CVE-2025-59798 is a stack-based buffer overflow vulnerability identified in Artifex Ghostscript versions up to and including 10.05.1. The flaw exists in the function pdf_write_cmap located in the source file devices/vector/gdevpdtw.c. A stack-based buffer overflow occurs when more data is written to a buffer located on the stack than it can hold, which can lead to corruption of adjacent memory, potentially allowing an attacker to alter program execution flow. In this case, the vulnerability does not require user interaction or privileges to exploit, but it does require local access to the system (AV:L - Attack Vector: Local). The vulnerability has a CVSS v3.1 base score of 4.3, categorized as medium severity. The vector indicates low attack complexity (AC:L), no privileges required (PR:N), no user interaction (UI:N), and a scope change (S:C), meaning the vulnerability can affect resources beyond the initially vulnerable component. The impact is limited to integrity (I:L) with no confidentiality or availability impact. No known exploits are currently reported in the wild, and no patches have been linked yet. Ghostscript is a widely used interpreter for PostScript and PDF files, often integrated into document processing workflows, print servers, and PDF rendering engines. The vulnerability could be triggered by processing specially crafted PDF files that exploit the buffer overflow in the cmap writing function, potentially allowing an attacker to manipulate the execution flow or corrupt memory, which might be leveraged for privilege escalation or code execution in local contexts.
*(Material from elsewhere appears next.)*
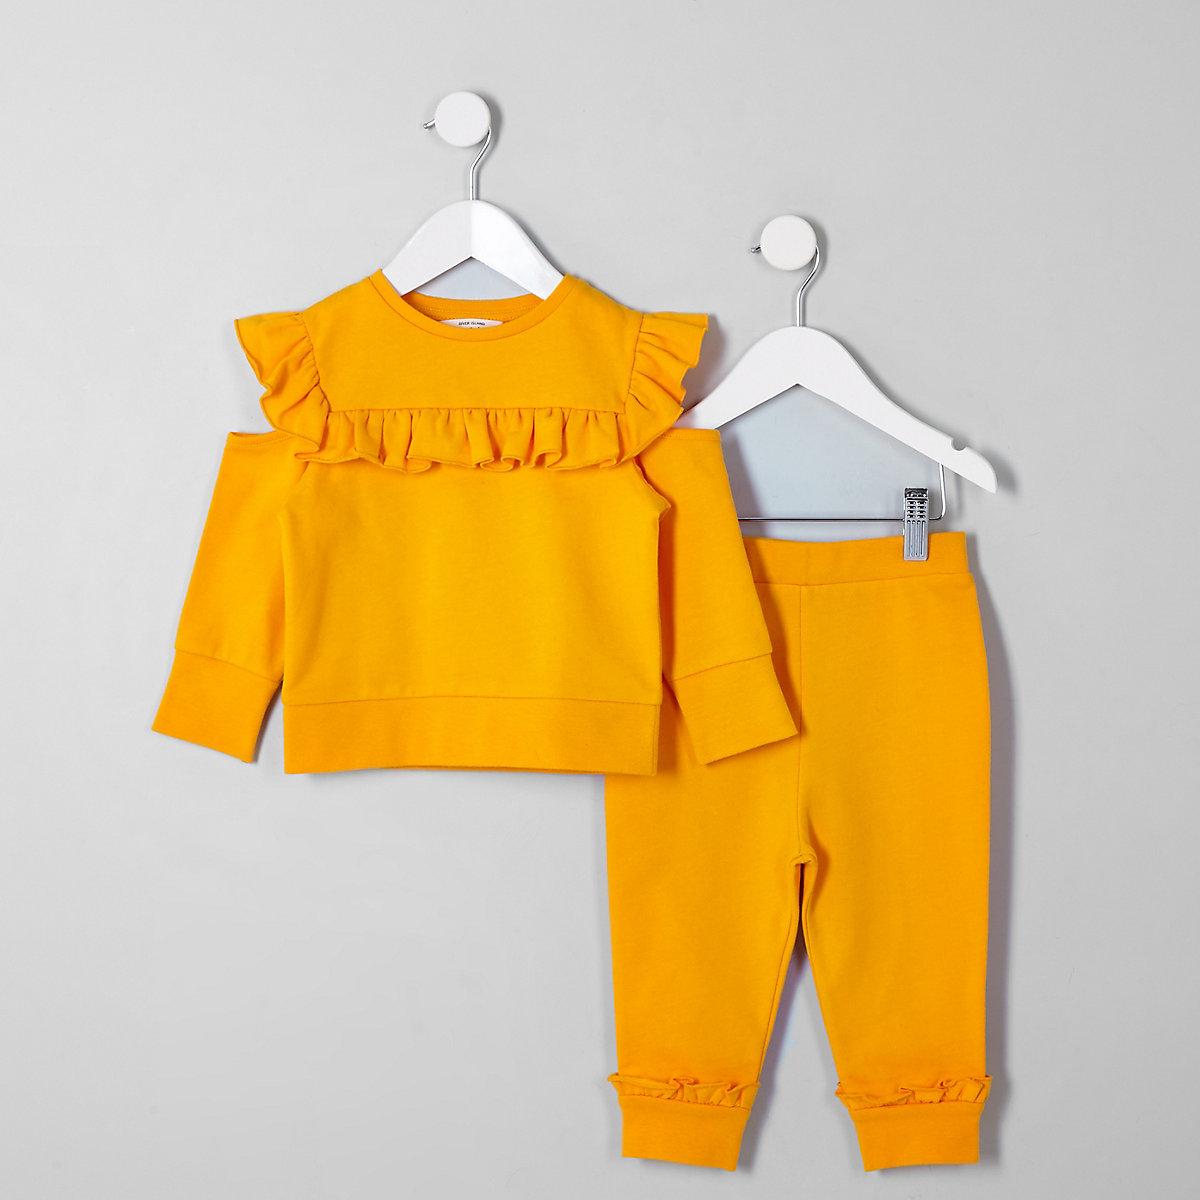 Mini girls yellow sweatshirt outfit

For European organizations, the impact of CVE-2025-59798 depends largely on the deployment of Ghostscript within their IT environments. Ghostscript is commonly used in document management systems, print servers, and PDF processing pipelines across various sectors including government, finance, healthcare, and manufacturing. A successful exploitation could allow an attacker with local access to compromise the integrity of the affected system, potentially leading to unauthorized modifications or disruptions in document processing workflows. Although the vulnerability does not directly impact confidentiality or availability, integrity compromises could result in altered document outputs or corrupted processing results, which may have downstream effects on business operations and compliance. Organizations relying on automated PDF processing or print services that use vulnerable Ghostscript versions are at risk, especially if local users or malware can trigger the flaw. The lack of known exploits in the wild reduces immediate risk, but the presence of a stack-based buffer overflow with scope change indicates potential for future exploitation, particularly in environments where attackers can gain local access or leverage other vulnerabilities to escalate privileges.
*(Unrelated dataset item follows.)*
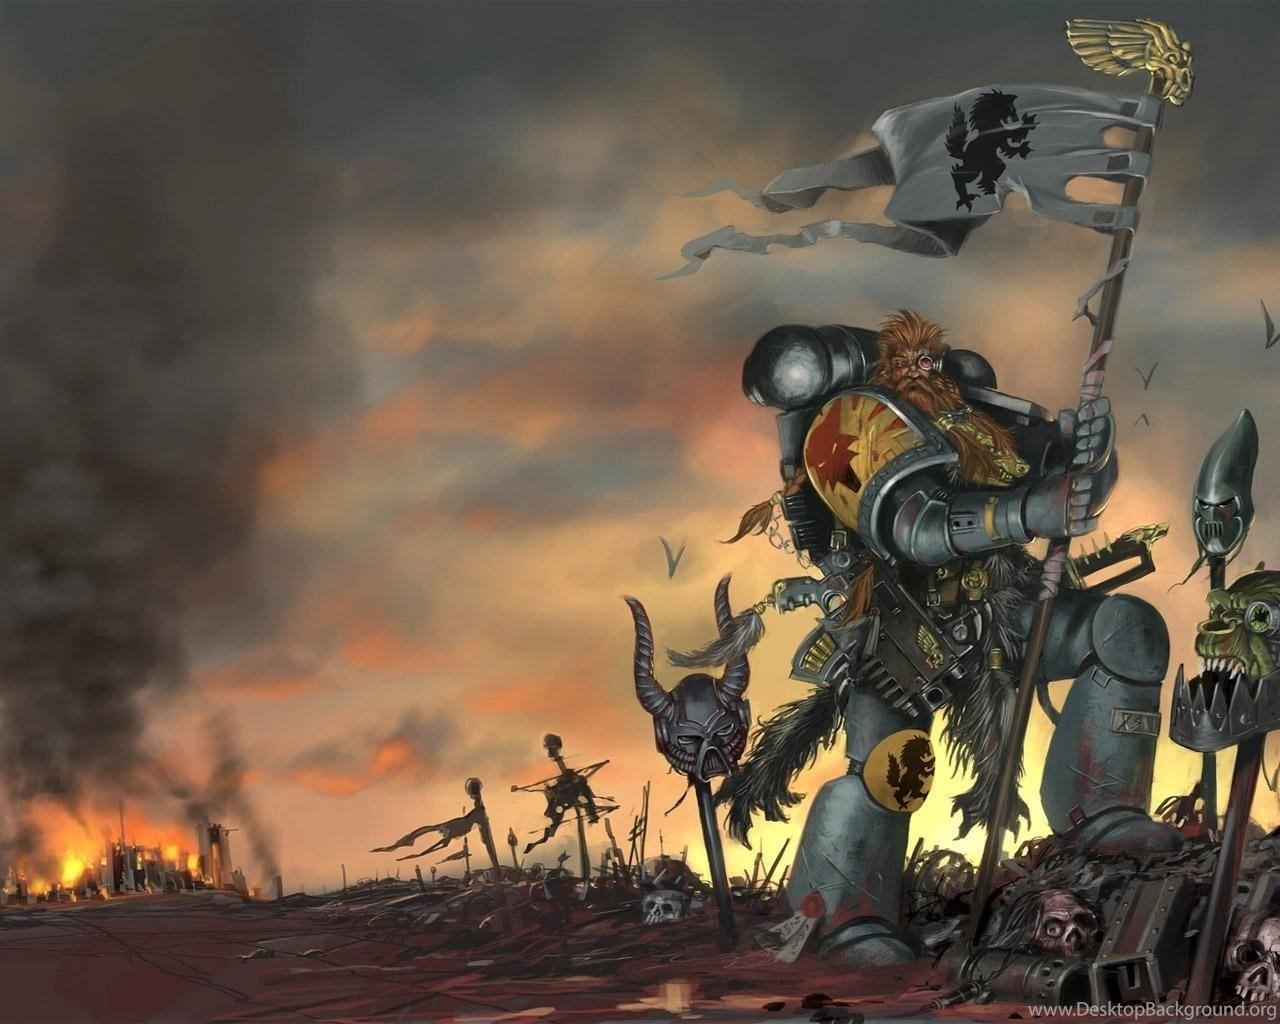 Brotherhood Of Steel Games Hd Wallpapers Desktop Background

1. Immediate assessment of all systems running Ghostscript versions up to 10.05.1 is critical to identify vulnerable instances. 2. Apply vendor patches or updates as soon as they become available; monitor Artifex communications for official fixes. 3. Restrict local access to systems running Ghostscript to trusted users only, minimizing the risk of local exploitation. 4. Implement application whitelisting and endpoint protection to detect and prevent execution of unauthorized or malicious PDF files that could trigger the vulnerability. 5. Employ strict input validation and sandboxing for document processing services to isolate Ghostscript processes and limit potential damage from exploitation. 6. Monitor logs and system behavior for anomalies related to PDF processing or Ghostscript execution. 7. Where possible, replace or supplement Ghostscript with alternative PDF processing tools that do not have this vulnerability until patches are applied. 8. Conduct user awareness training to reduce the risk of local users inadvertently triggering the vulnerability through malicious files.